DATA SHOWN ::
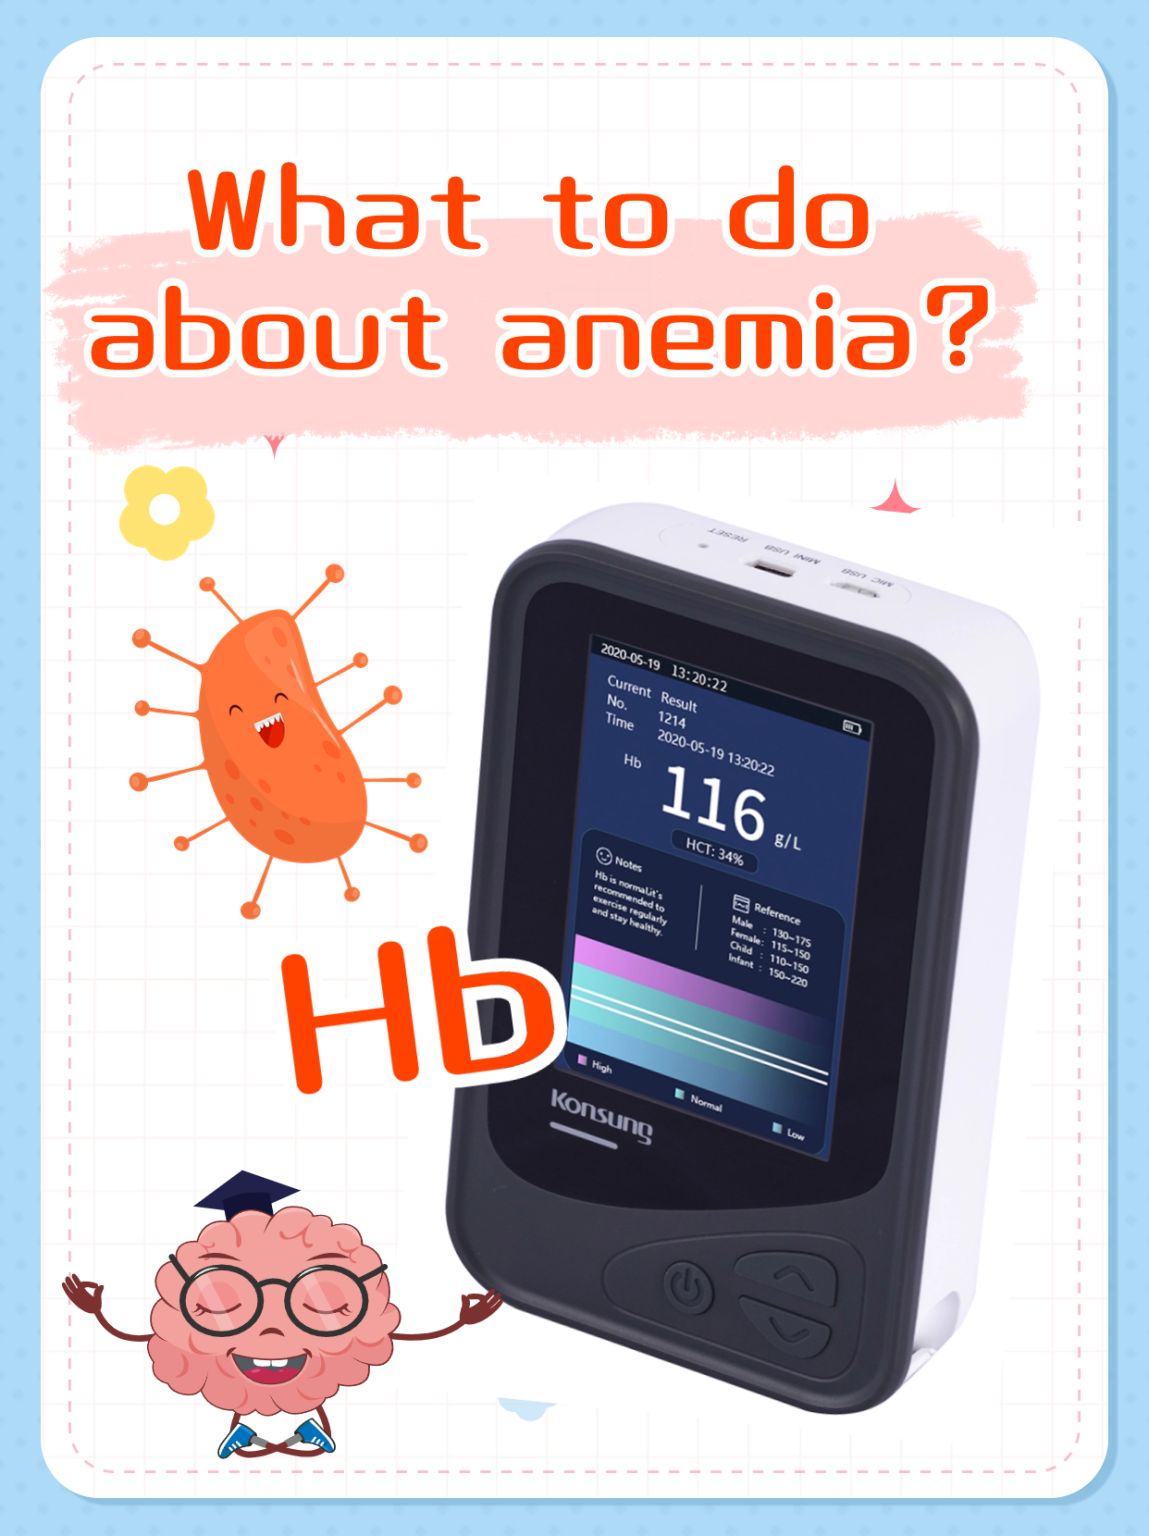 What do you know about anemia? What do you do if you’re anemic?
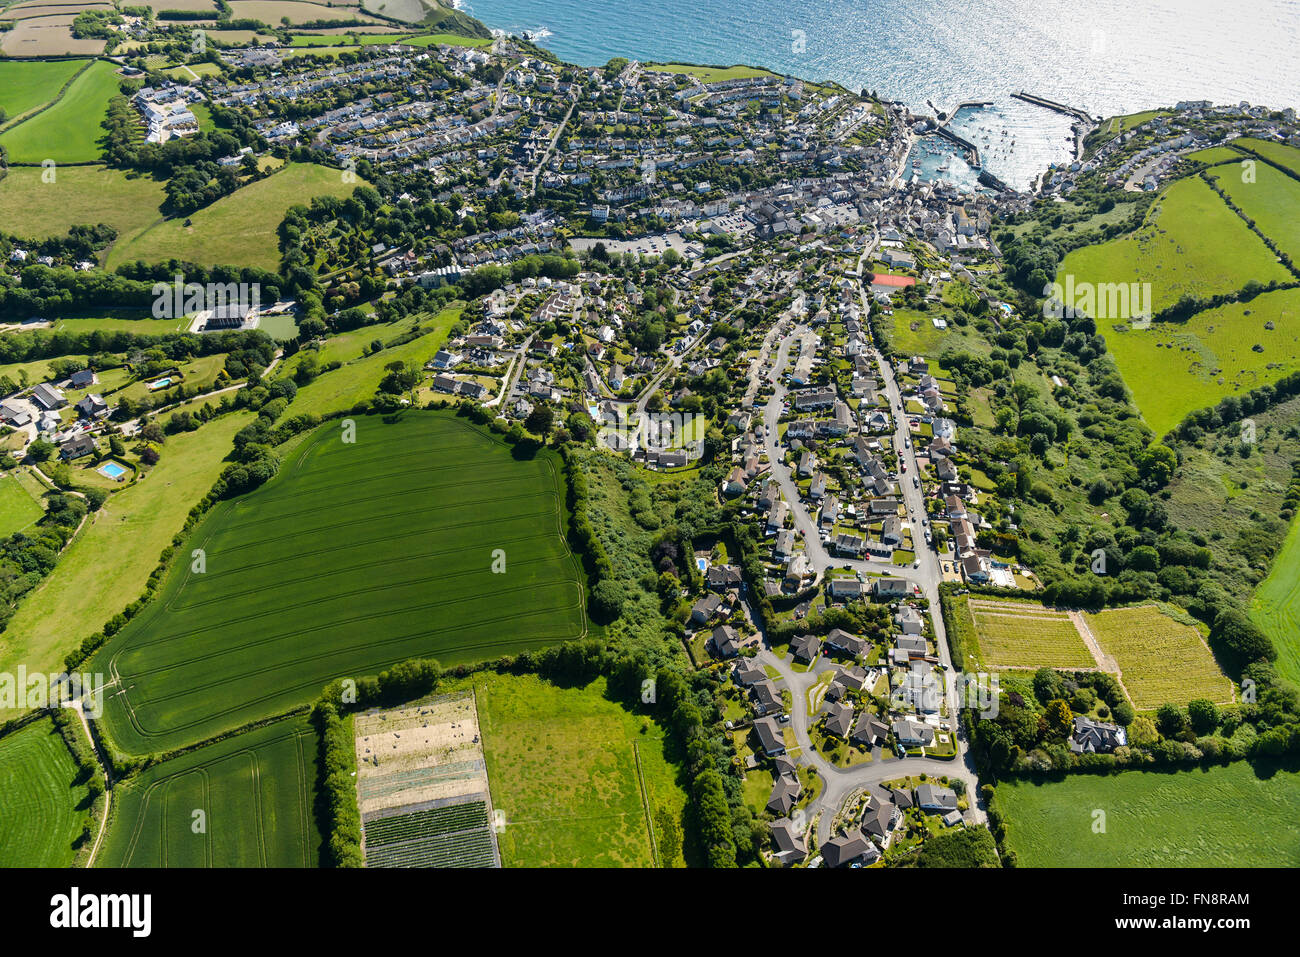 An aerial view of the village of Mevagissey and surrounding Cornish coastline Stock Photo
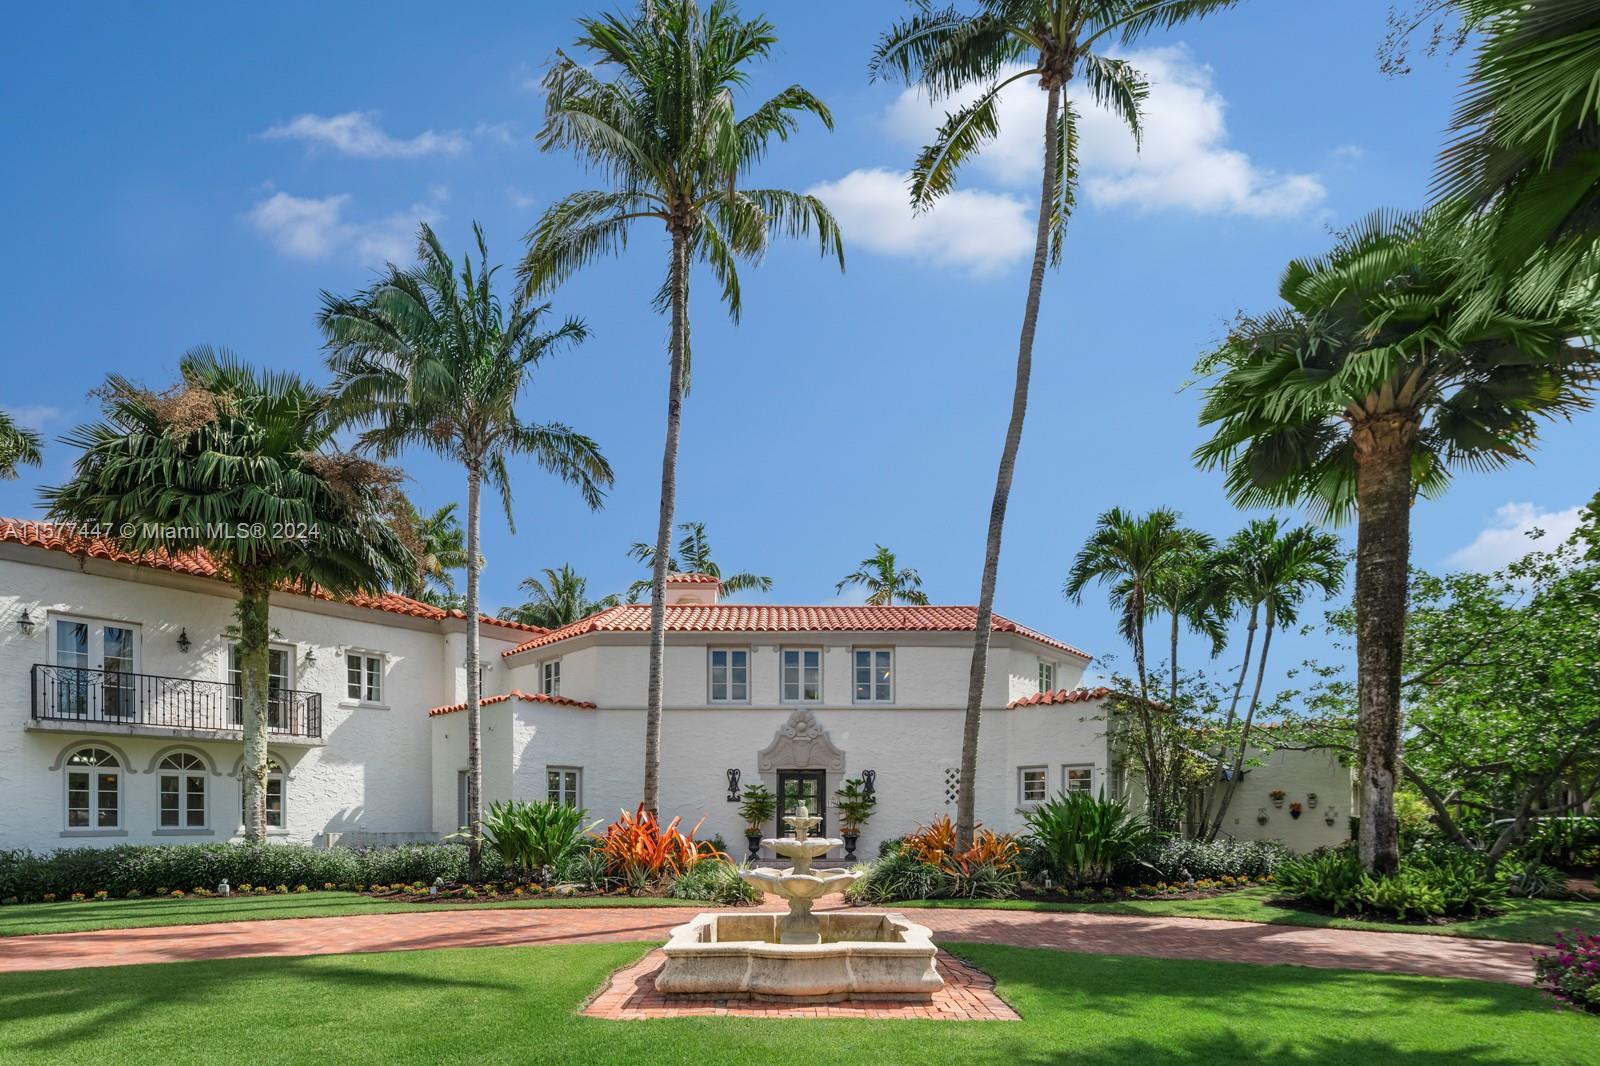 This elegant two-story 1924 Old Spanish is the epitome of quintessential living on one of Coral Gables' most prestigious street addresses. This architectural gem designed by Kiehnel & Elliot exemplifies the pinnacle of Mediterranean Revival Artistry. Situated on a 20,645 SF lot right in front of the iconic Biltmore Hotel, the tropical lush landscaping offers immense privacy & a serene atmosphere. The grand foyer overlooks the award-winning pool. 1st floor features 2 bedrooms, 2 full baths, renovated eat-in kitchen with Quartzite countertops, formal dining, living room & media room. 2nd floor features 5 bedrooms + den, 4 bathrooms & large primary suite and bath with built-in sauna, & covered balcony. Home has newer electrical, plumbing, new roof, impact windows/doors throughout.
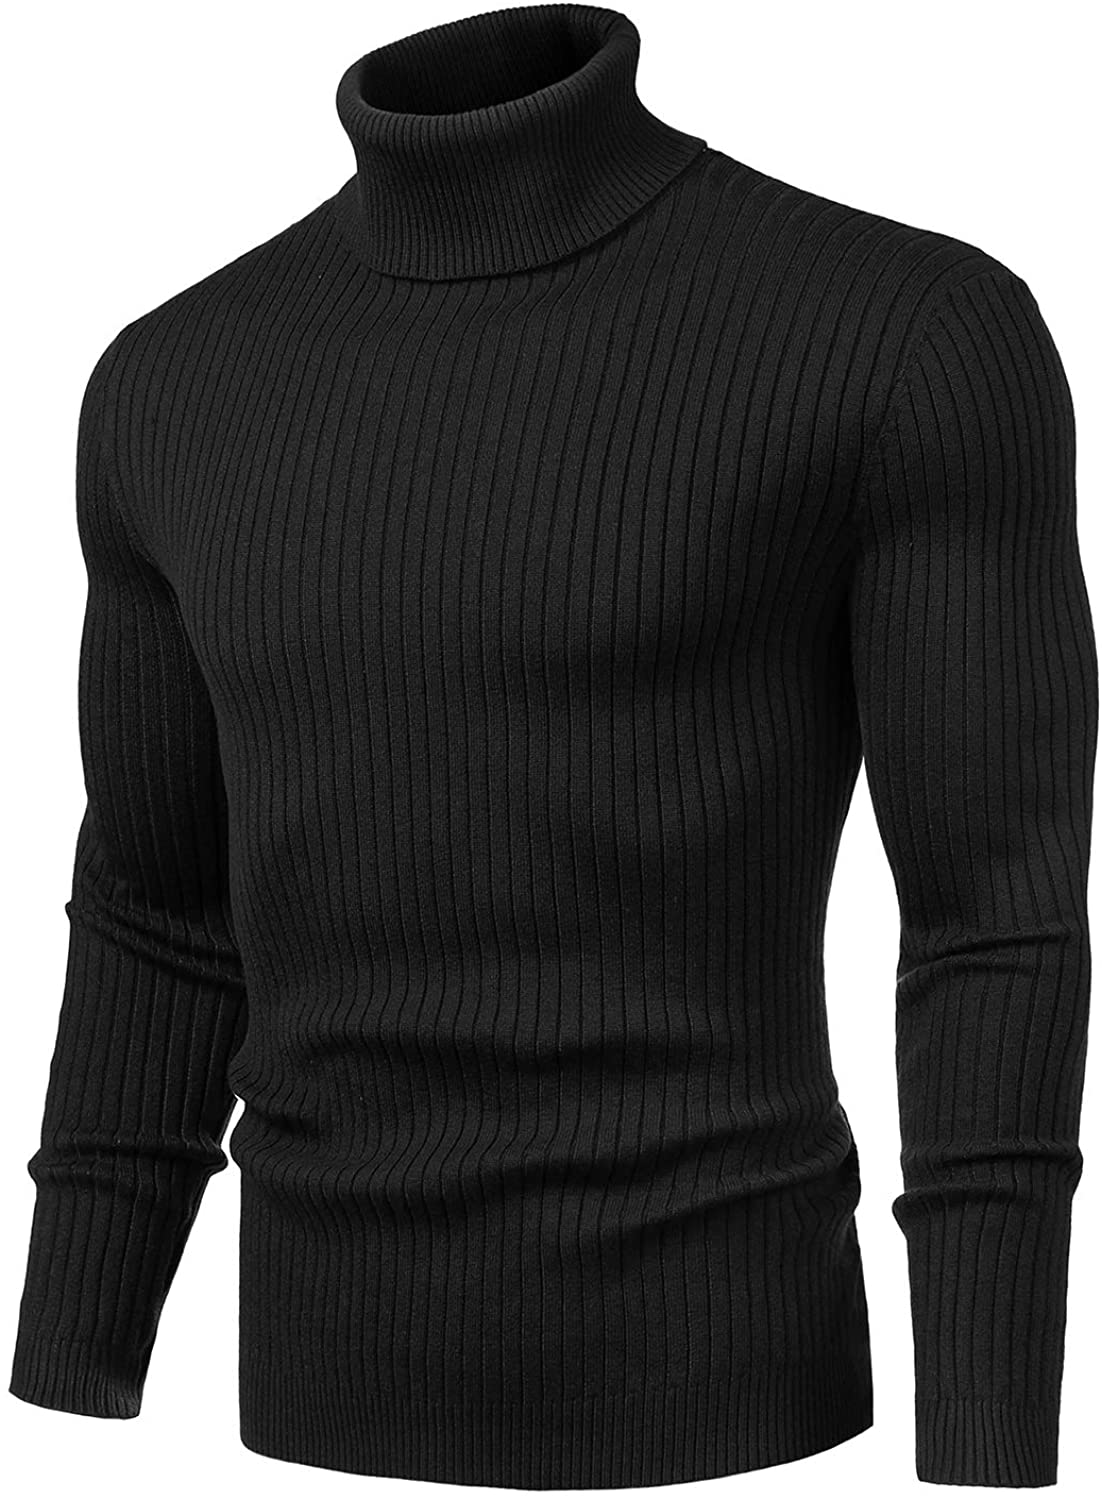 Jofemuho Mens Solid Color Turtle Neck Regular Fit Knitted Autumn Winter Pullover Sweater Jumper

WHAT THE TASK ASKS ::
Write the listing above out again word for word, excluding all images.

ANSWER AREA ::
 What do you know about anemia? What do you do if you’re anemic?
 An aerial view of the village of Mevagissey and surrounding Cornish coastline Stock Photo
 This elegant two-story 1924 Old Spanish is the epitome of quintessential living on one of Coral Gables' most prestigious street addresses. This architectural gem designed by Kiehnel & Elliot exemplifies the pinnacle of Mediterranean Revival Artistry. Situated on a 20,645 SF lot right in front of the iconic Biltmore Hotel, the tropical lush landscaping offers immense privacy & a serene atmosphere. The grand foyer overlooks the award-winning pool. 1st floor features 2 bedrooms, 2 full baths, renovated eat-in kitchen with Quartzite countertops, formal dining, living room & media room. 2nd floor features 5 bedrooms + den, 4 bathrooms & large primary suite and bath with built-in sauna, & covered balcony. Home has newer electrical, plumbing, new roof, impact windows/doors throughout.
 Jofemuho Mens Solid Color Turtle Neck Regular Fit Knitted Autumn Winter Pullover Sweater Jumper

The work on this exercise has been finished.